Problem to solve:
What you produce should be an exact transcription of the data, minus any pictures.

Top of The data

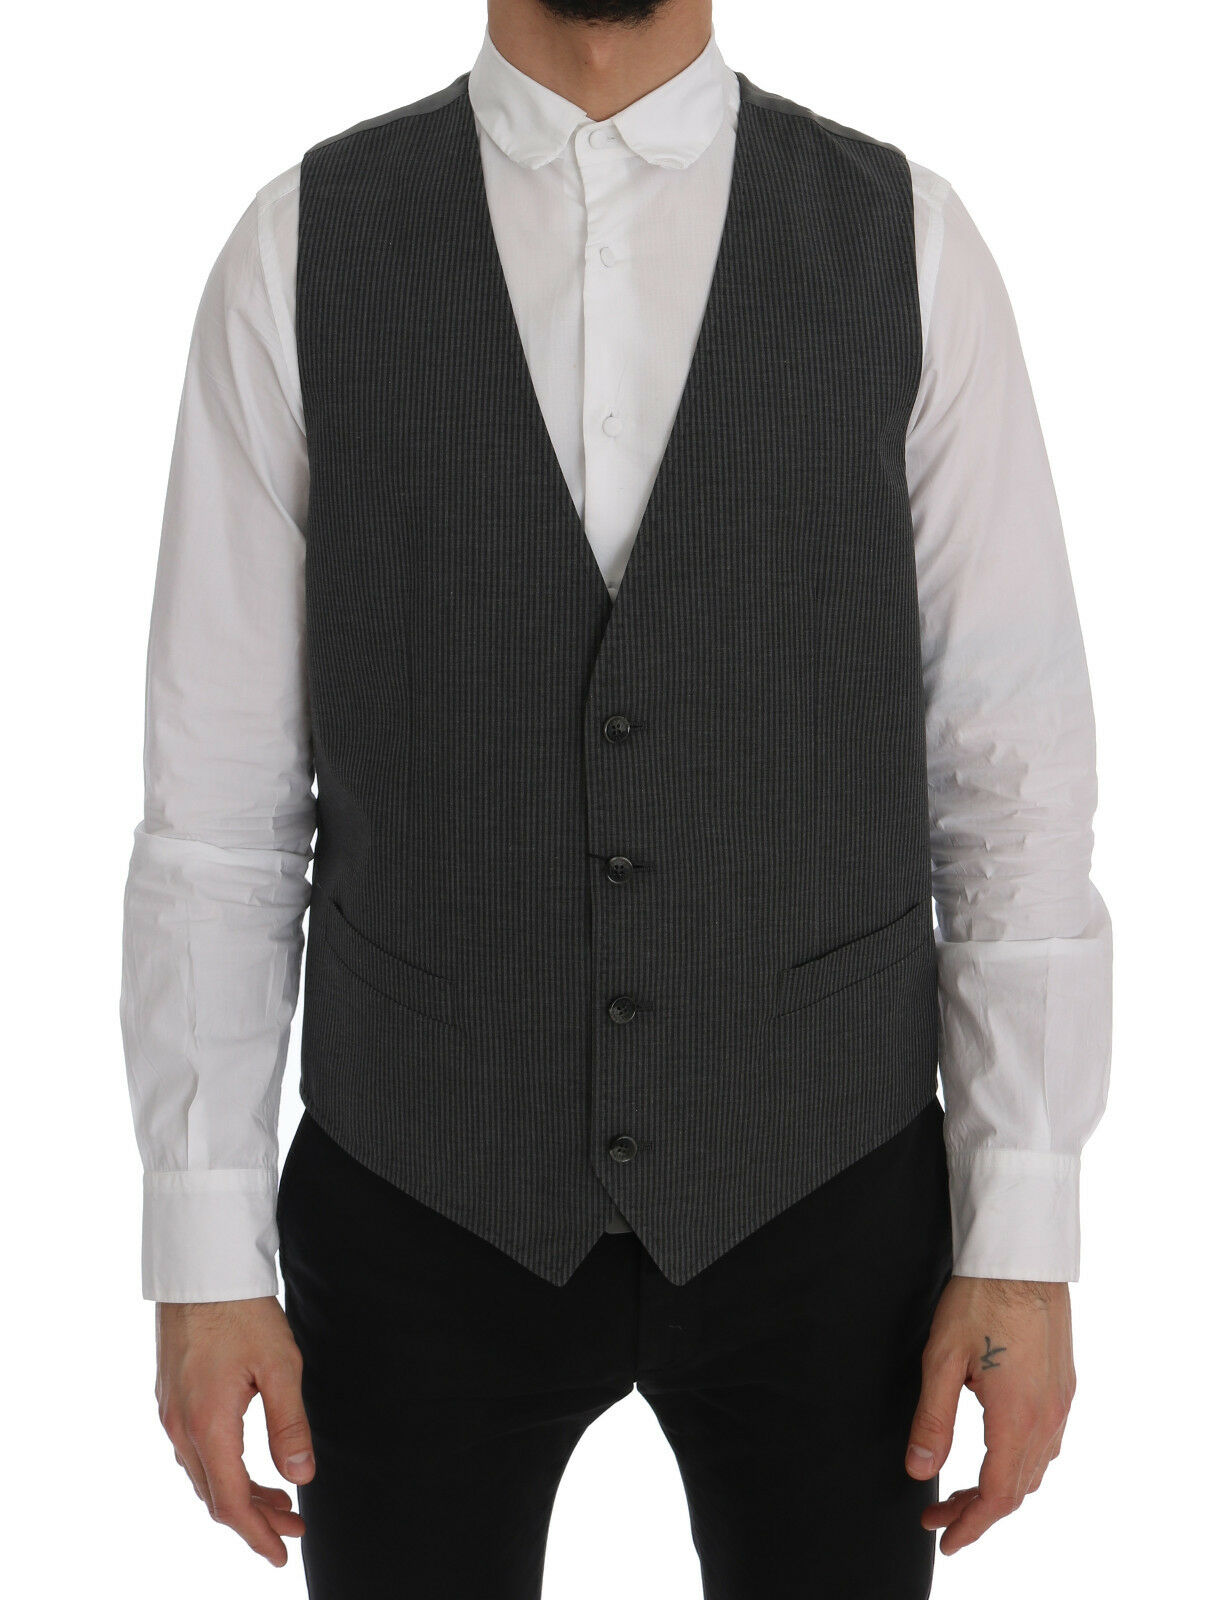 NEW DOLCE & GABBANA STAFF Vest Waistcoat grau Cotton Rayon IT56 / US46 /2XL
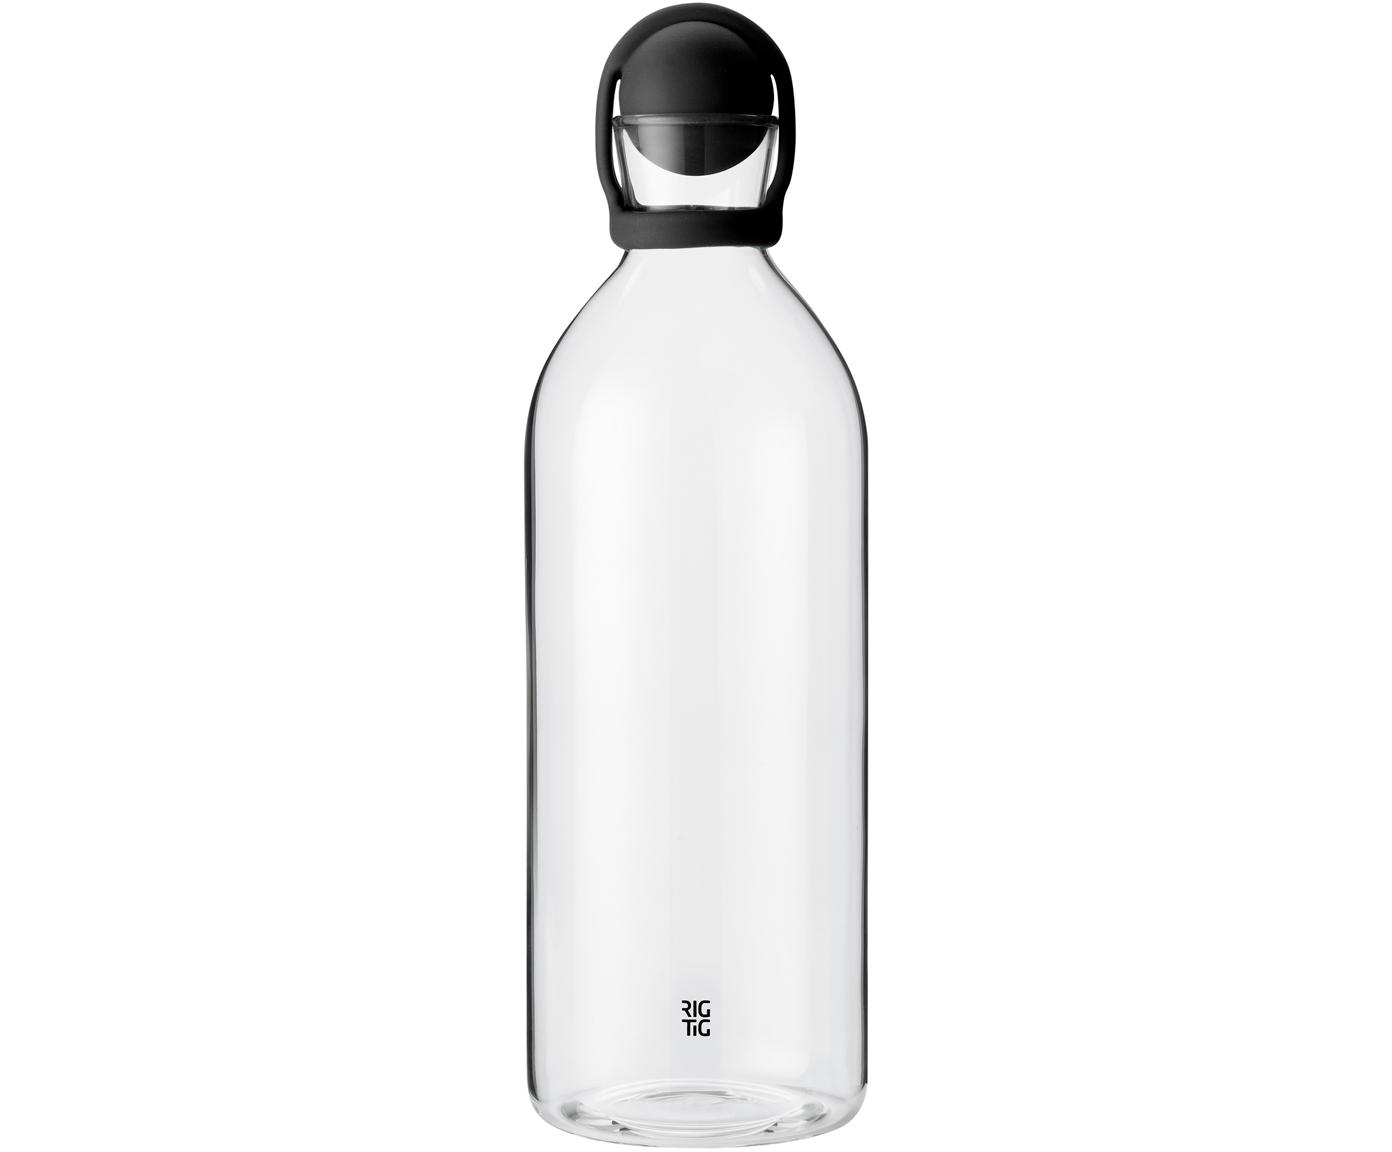 Wasserkaraffe Cool-It , Verschluss: Gummi, Schwarz,Transparent, 1.5 L
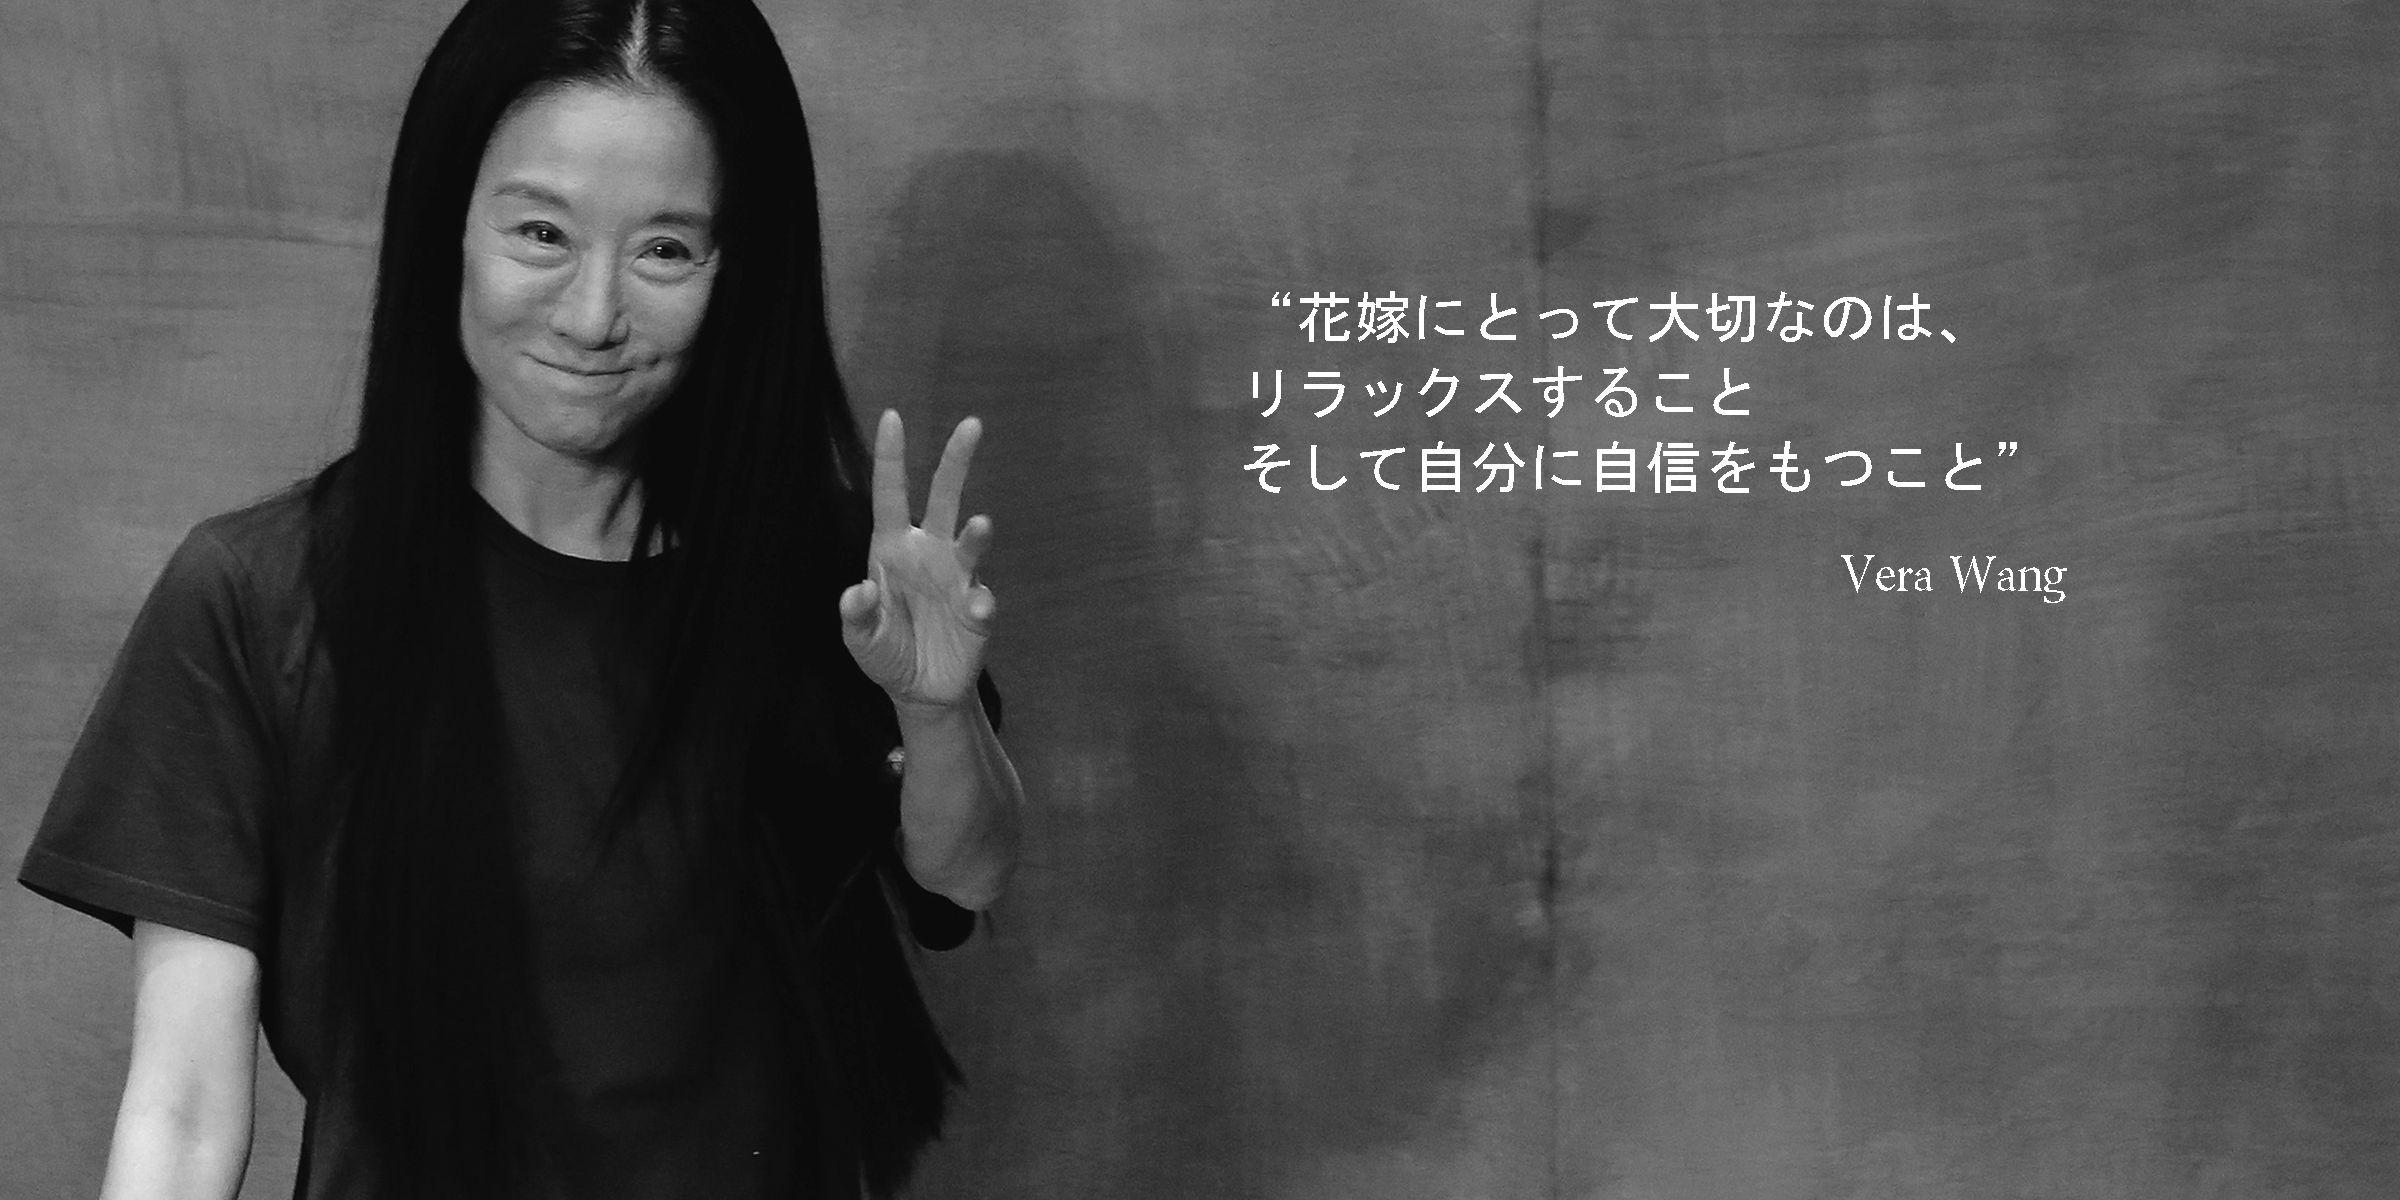 a1772d15bd671 世界的な人気ドレスブランド「ヴェラ・ウォン」にまつわる26の小ネタ集 ...

Bottom of The data

Task response:
 NEW DOLCE & GABBANA STAFF Vest Waistcoat grau Cotton Rayon IT56 / US46 /2XL
 Wasserkaraffe Cool-It , Verschluss: Gummi, Schwarz,Transparent, 1.5 L
 a1772d15bd671 世界的な人気ドレスブランド「ヴェラ・ウォン」にまつわる26の小ネタ集 ...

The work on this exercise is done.